Since 2014, CMS has unconditionally packaged skin substitute products furnished in the outpatient hospital setting into their associated application procedures as part of a broader policy to package all drugs and biologicals that function as supplies when used in a surgical procedure. The agency currently divides the skin substitutes into a high-cost group and a low-cost group, to ensure adequate resource homogeneity among APC assignments for the skin substitute application procedures. This payment approach differs from the payment policy for skin substitutes furnished in the non-facility setting, where skin substitute products are paid under the ASP plus 6 percent payment methodology. 
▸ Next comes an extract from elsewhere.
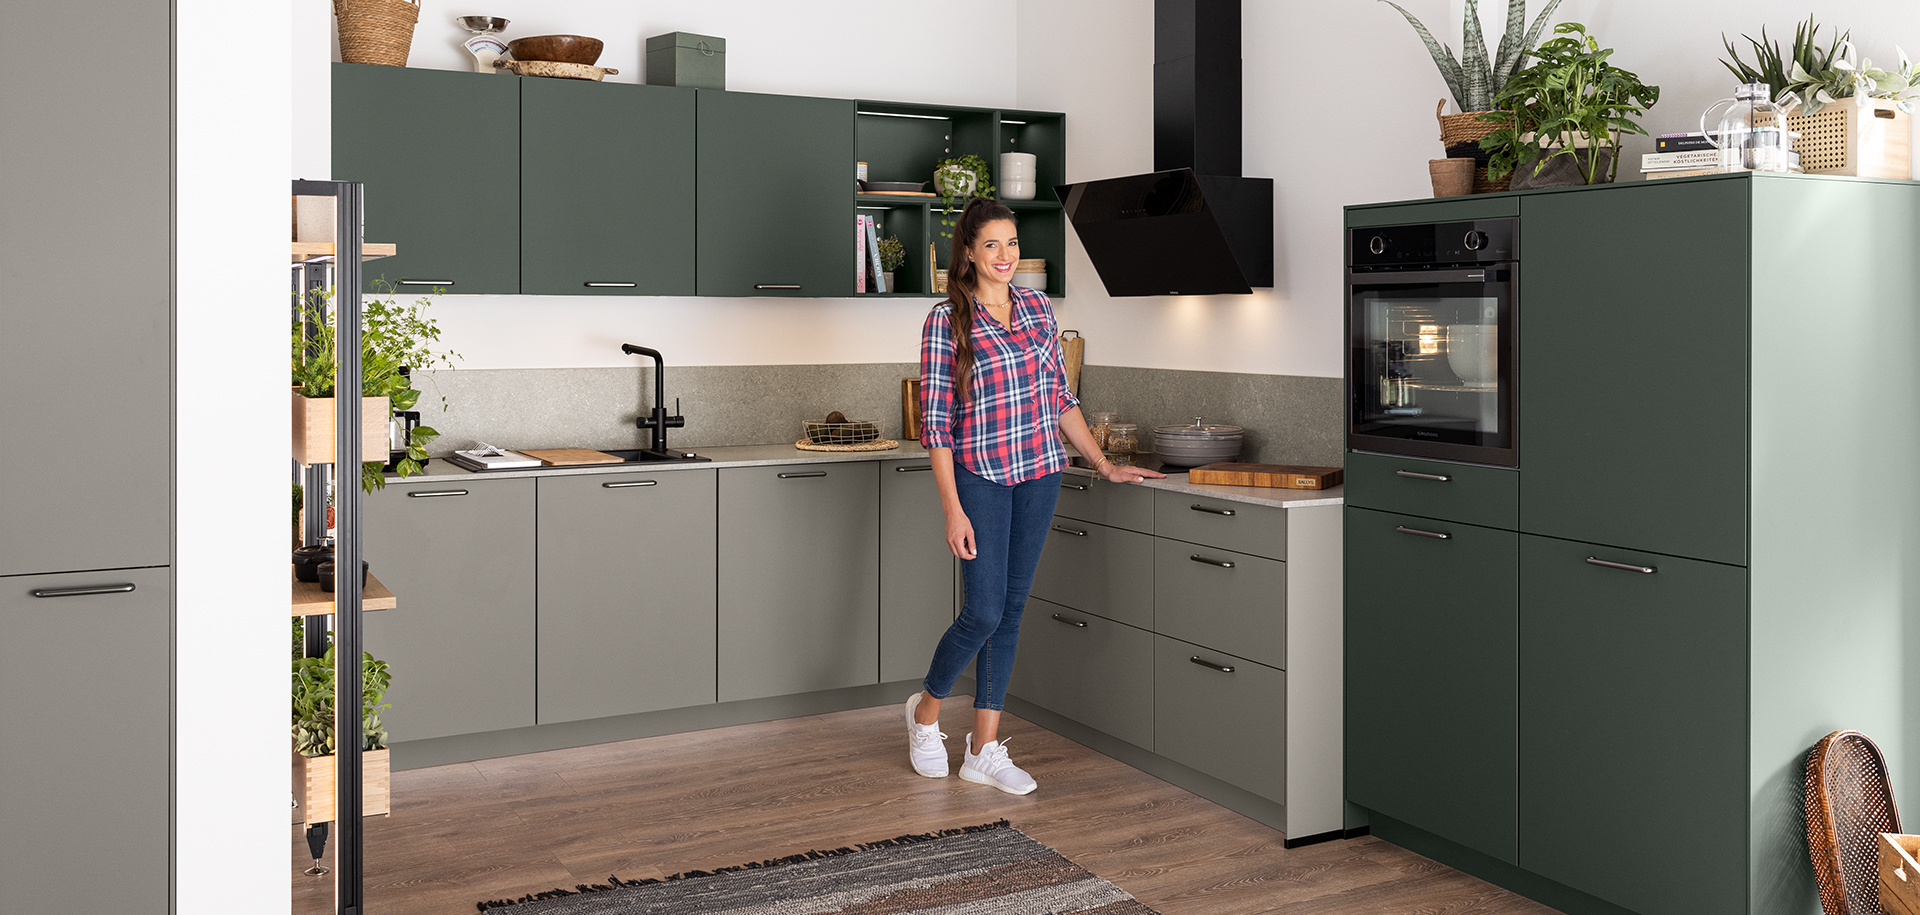 Femme debout dans une cuisine moderne avec des armoires vertes, des appareils en acier inoxydable et des accents en bois, faisant un geste accueillant.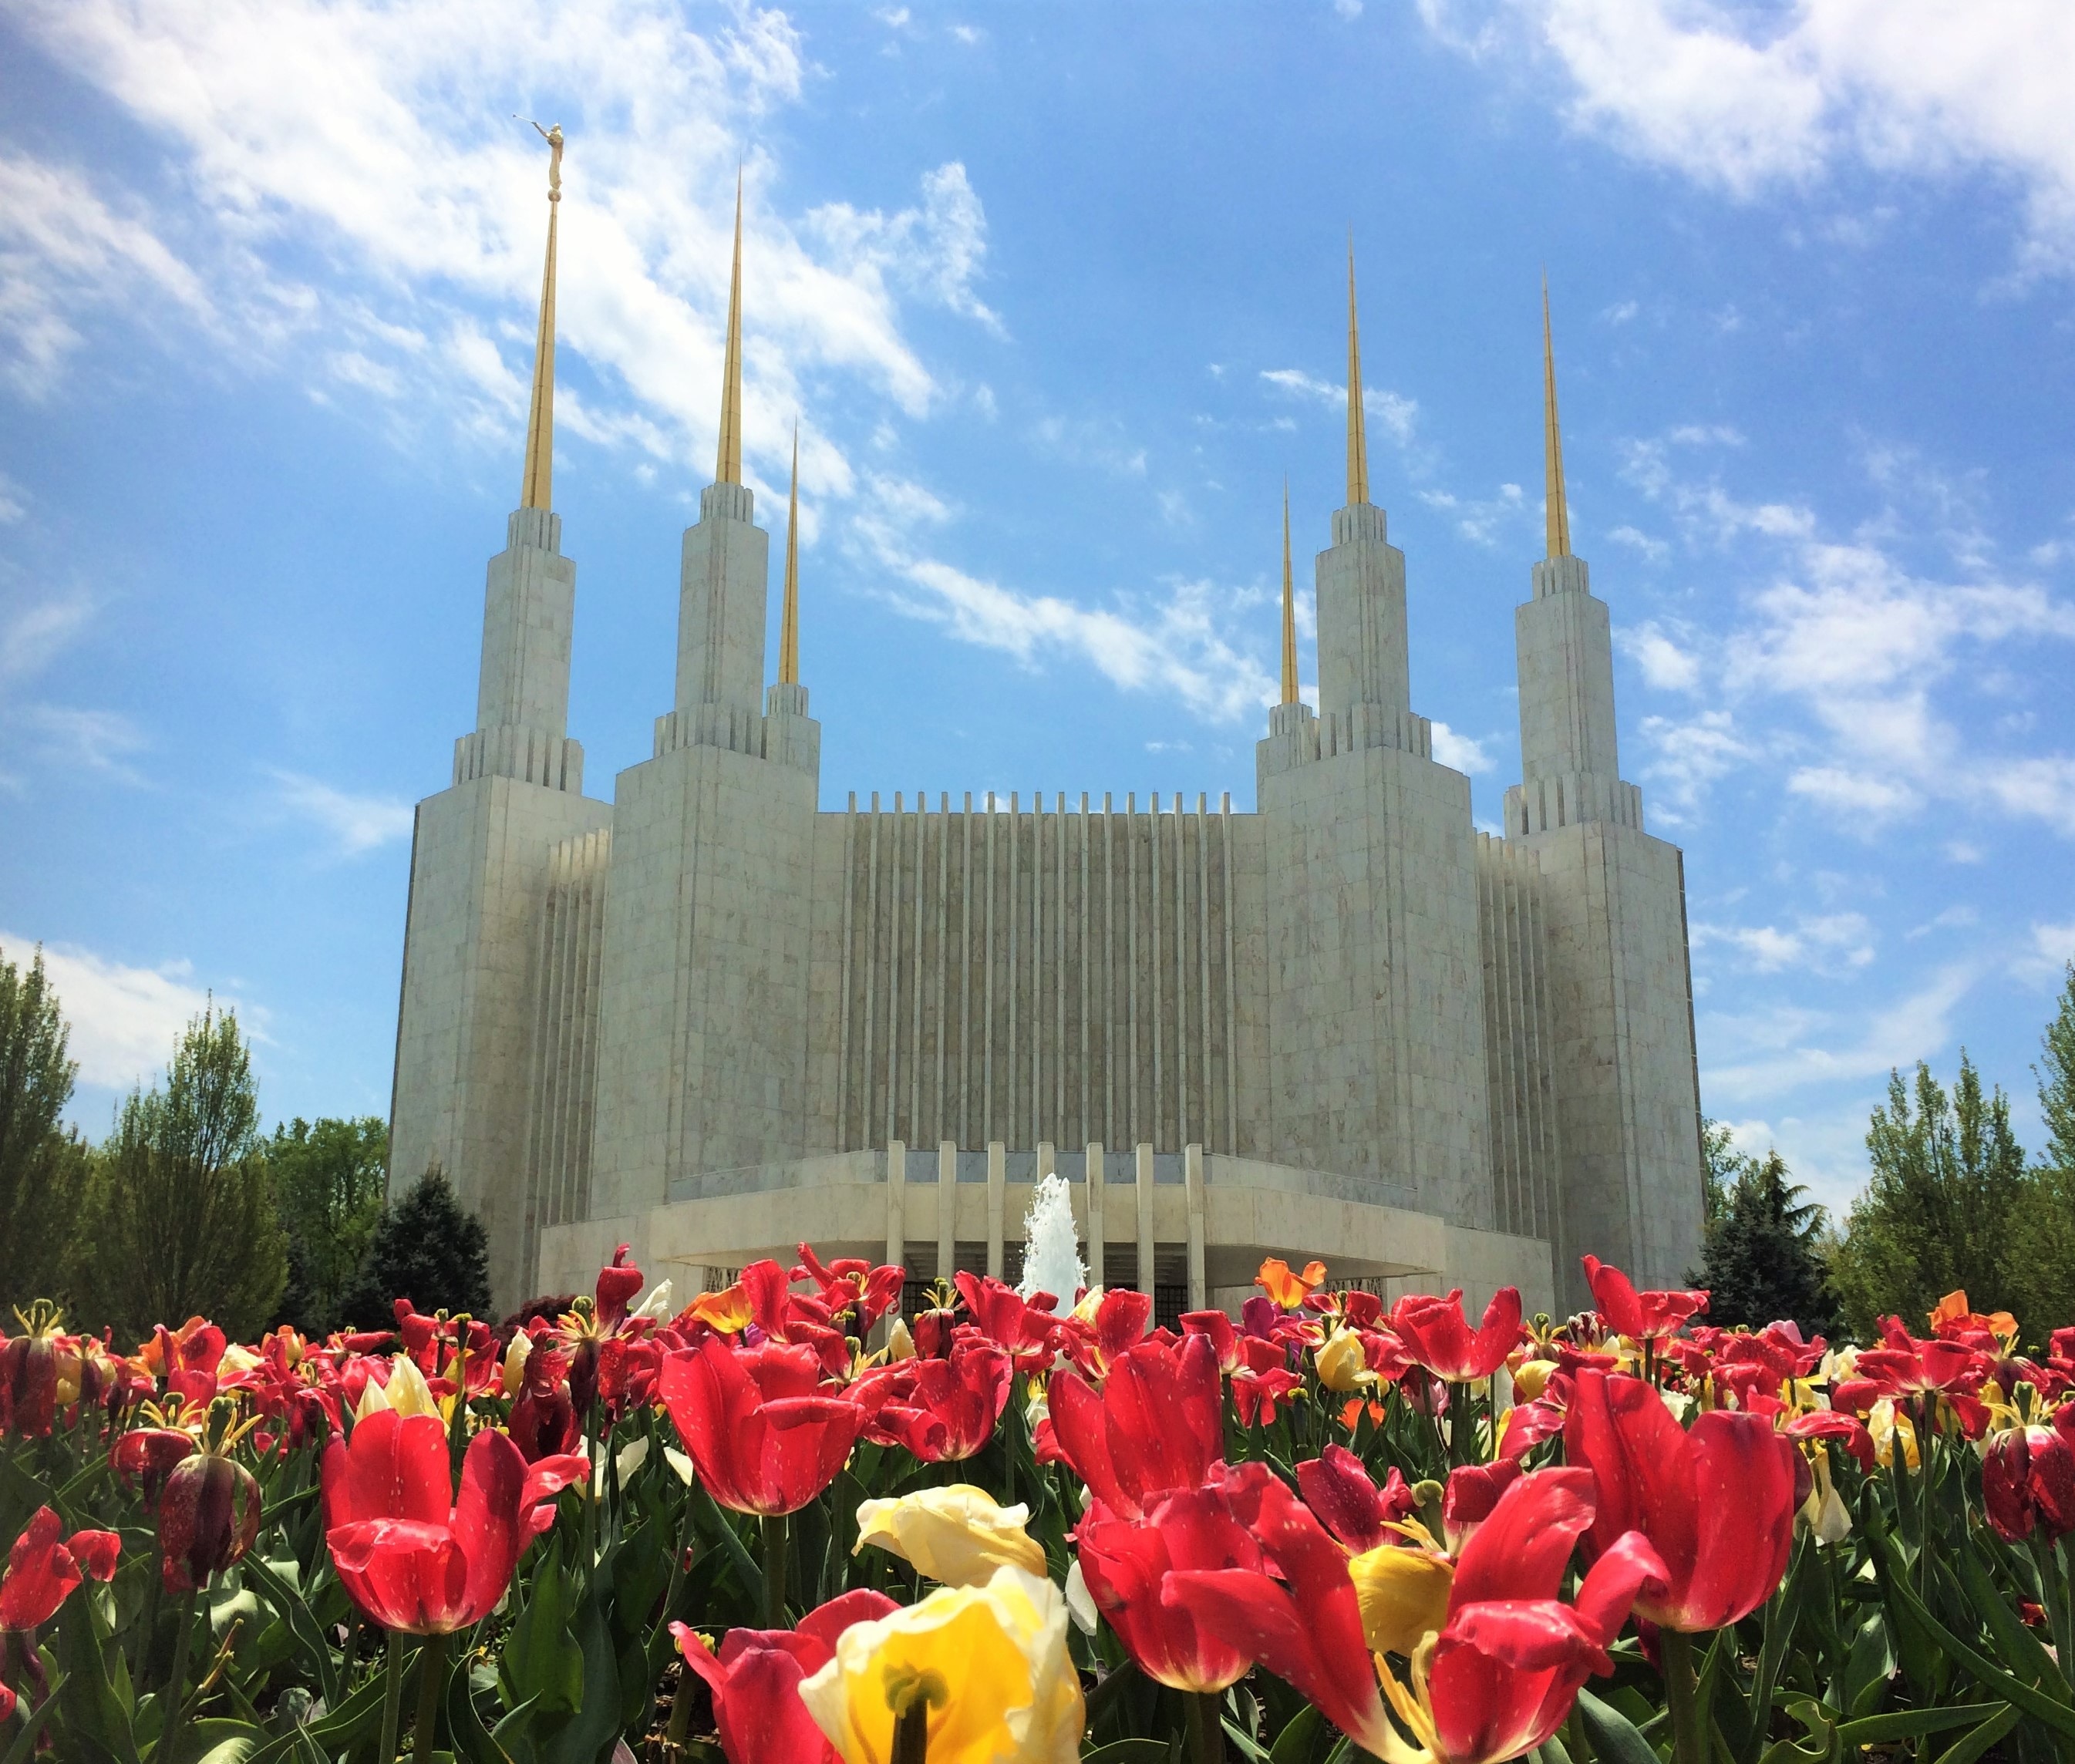 Temple, Lds, Latter-Day, Saints, Mormon, architecture, cloud - sky

For 2026, CMS is proposing to unpackage skin substitute products from the application services and establish several APCs based on relevant product characteristics, rather than based on stated prices for provision of these products when they are used during a covered application procedure paid under the OPPS (described by CPT codes 15271-15278). CMS is also proposing to align skin substitute categorization consistent with their FDA regulatory status.

For 2026, CMS is proposing to use a single payment rate for these three categories of skin substitute products.  In future years, the agency intends that payment rates would differentiate between the three FDA regulatory categories.  The proposed payment policy for skin substitutes in the physician office setting is provided in the 2026 Physician Fee Schedule (PFS) proposed rule.